- Born: Michelle Therese O'Keefe October 11, 1981 Hanford, California
- Died: February 22, 2000 (aged 18) Palmdale, California, U.S.
- Cause of death: Gunshot wounds
- Known for: Murder victim
- Parents: Michael O'Keefe (father); Patricia O'Keefe (mother);

= Murder of Michelle O'Keefe =

2000 murder case in Palmdale, California, United States

Michelle O'Keefe was an 18-year-old American college student and aspiring actress who was murdered in Palmdale, California on her way home from appearing in a Kid Rock music video. The case has attracted significant media national attention, including episodes of America's Most Wanted and Dateline NBC.

In 2005, Iraq-war veteran Sgt. Raymond Lee Jennings was arrested for the murder, and after three trials he was sentenced to life in prison.

After serving 11 years of his sentence, Jennings was exonerated and freed from prison. The Los Angeles District Attorney was persuaded of Jennings' innocence after a law student, Clinton Ehrlich, saw the case on television and began an investigation with his father, attorney Jeffrey Ehrlich. Among other points, Clinton and Jeffrey Ehrlich state that: (1) Jennings's uniform tested negative for gunshot residue; (2) he owned a .38 caliber handgun and was unarmed, while O'Keefe was killed with a 9mm weapon; (3) his DNA did not match that from visible blood found under O'Keefe's fingernails, which the prosecutor misled the jury to believe was random contamination; (4) and the detectives on the case had not investigated other people present at the Park-and-Ride when O'Keefe was murdered. The judge who freed Jennings said that the jury was never given crucial information: that known gang members were present at the scene of the crime.
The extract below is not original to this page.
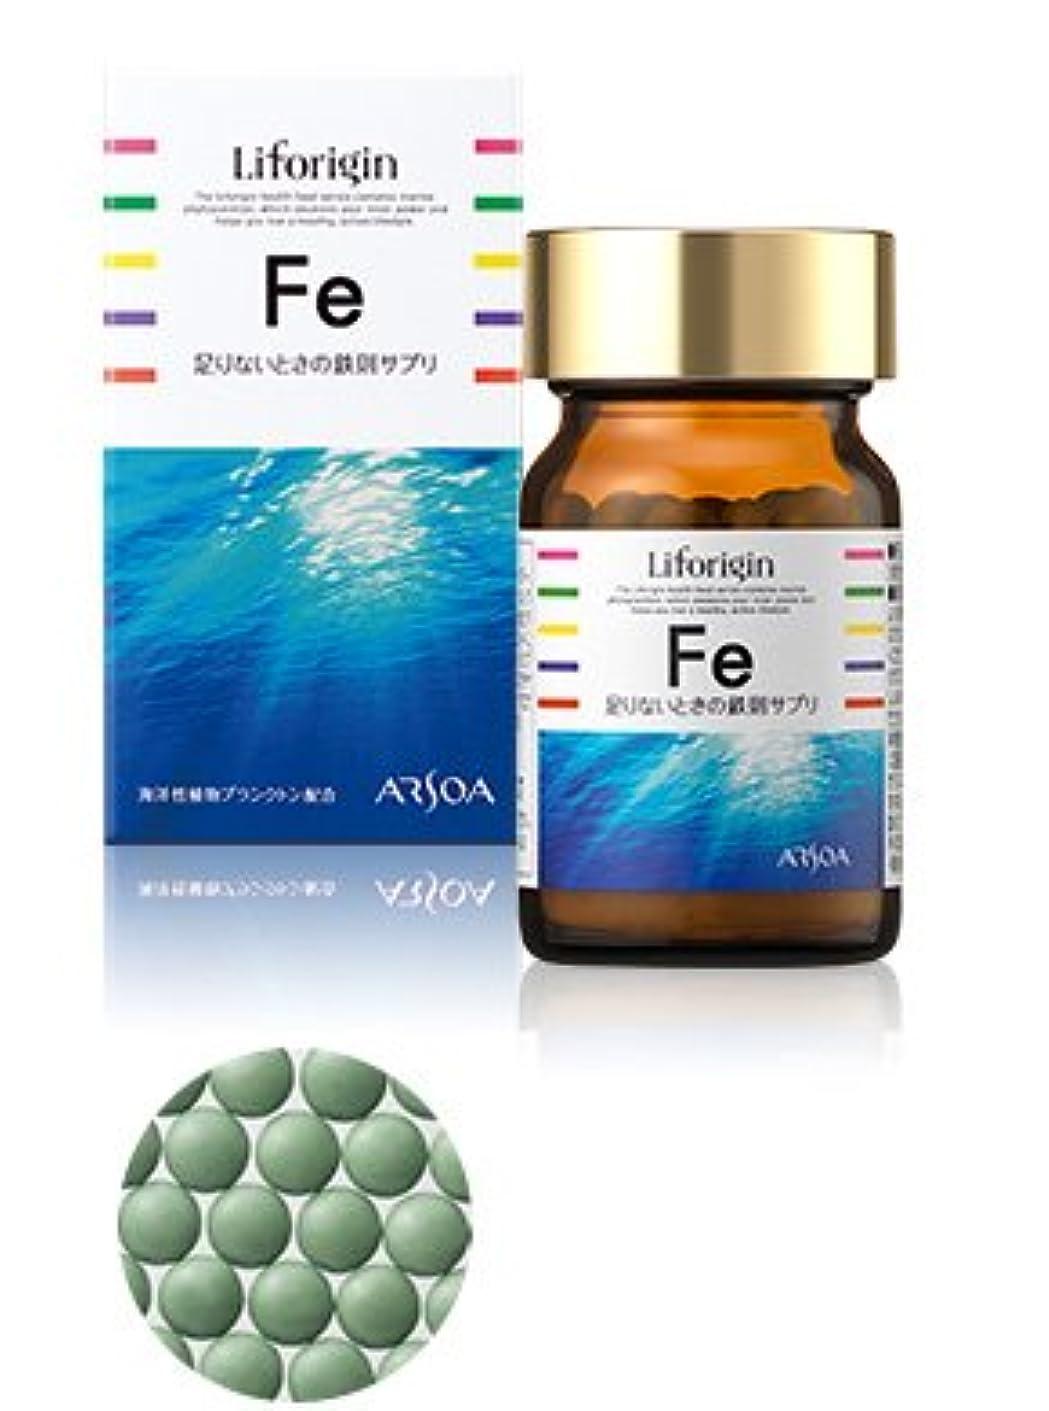 航空知恵円周ARSOA(アルソア) ライフォリジン Fe 22.5g(250mg×90粒) [並行輸入品]

In their filings to the court supporting Jennings's innocence claim and requesting his release, the DA's office revealed that they believed the killing to be gang related. Driving a car that had been in the parking lot at the time of O'Keefe's murder, was Victoria Richardson—a 17-year-old female who, like her 18-year-old boyfriend Andrew Stewart, was a Bloods gang member. In the months following O'Keefe's murder, Andrew Stewart perpetrated a series of home invasions and carjackings, including the gunpoint theft of a Ford Mustang, for which he was sentenced to 31 years in prison. When arrested, he was wearing an earring that matched one of O'Keefe's, and was found to have been missing from her corpse. Ballistics evidence suggested that the 9mm weapon used to kill her was the same as one he and/or other Flushing Fifties gang members had used in recent shootings.

Sgt. Ray Jennings was found factually innocent of the crime, an unusual and far higher standard than simple de jure or presumed innocence.